企業の棚卸や販売実績のデータをもとに在庫の「健康診断」を行う。商品は1SKU単位で査定、リアルタイムで管理、価値を可視化する

 zaicobanの具体的な運用手順、利用法を次に説明する。

 まず企業から提供された棚卸や販売実績のデータをもとに「健康診断」を行う。検査項目は、在庫の健全性では「想定粗利率」「商品廃棄率」、効率性では「在庫回転数」「交叉比率」、正確性では「棚卸差異発生率」といった指標のもと、それぞれの状態によりA~Dの判定のほか、コメントや対処法がわかる。オークファンはヤフオクやアマゾンなど、ネットとリアル双方の商品の実売データベースを保有、それをもとに在庫の価値を可視化できる点が特徴だ。

 判定をもとに自社店舗で値引き販売する、ネットで処分したほうがよいなど、在庫への適切な対処法もわかる。いずれも商品をSKU単位で査定、リアルタイムで管理、価値を可視化しているのが強みだ。

 ユニークなのは「販売活動」にある「値付け適正度」や「販路適正度」といった項目。前述の項目と同様に「値下げすべき商品数割合」「値上げすべき商品数割合」を表示、さらに評価判定が出る。

 つまり商品の市場で売買されている相場と比べ、さらに値下げ、もしくは値上げしたほうがよいかを判断する材料としても使えるわけだ。

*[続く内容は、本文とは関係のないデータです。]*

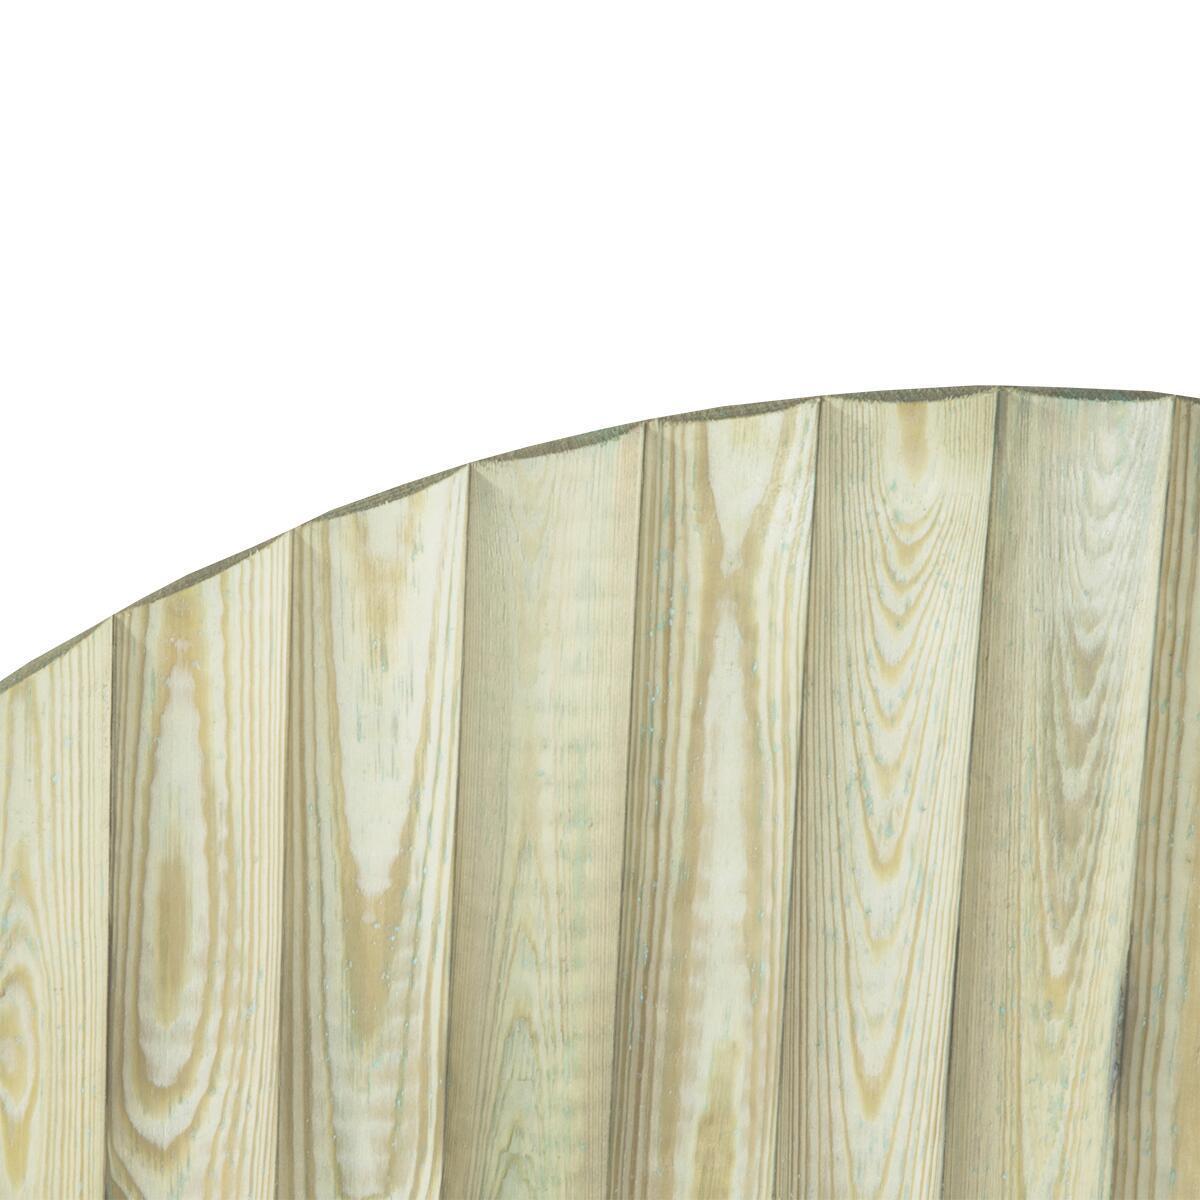 Bordo in legno L 55 x H 40 cm Sp 2.8 cm - 2

 「導入企業の例では、ある店舗で売られていた商品はアマゾンよりも安い価格がつけられていた。立地は比較的競争が緩やかな郊外で、本来なら、もっと高い値段をつけても売れる。このようにzaicobanを使えば、適正な価格を設定することができる」(田島氏)

 これらを通じ、在庫回転率と粗利益率の両方を上げることが可能になるという。在庫の規模や状態にもよるが、滞留傾向商品の値下げや、専門業者への処分販売により、在庫回転率は20~40%、価格弾力性の低い商品の値上げや品揃えの見直しで、粗利益率は0.5~3ptの改善が期待できるという。

 競争が激化するなか、他社とは異なる商品で差別化を図ろうとする企業は多い。その中、今回、オークファンがリリースしたzaicobanを効果的に使用すれば、リスクを最低限に抑えながら、思い切った品揃えにもチャレンジできるようになるかも知れない。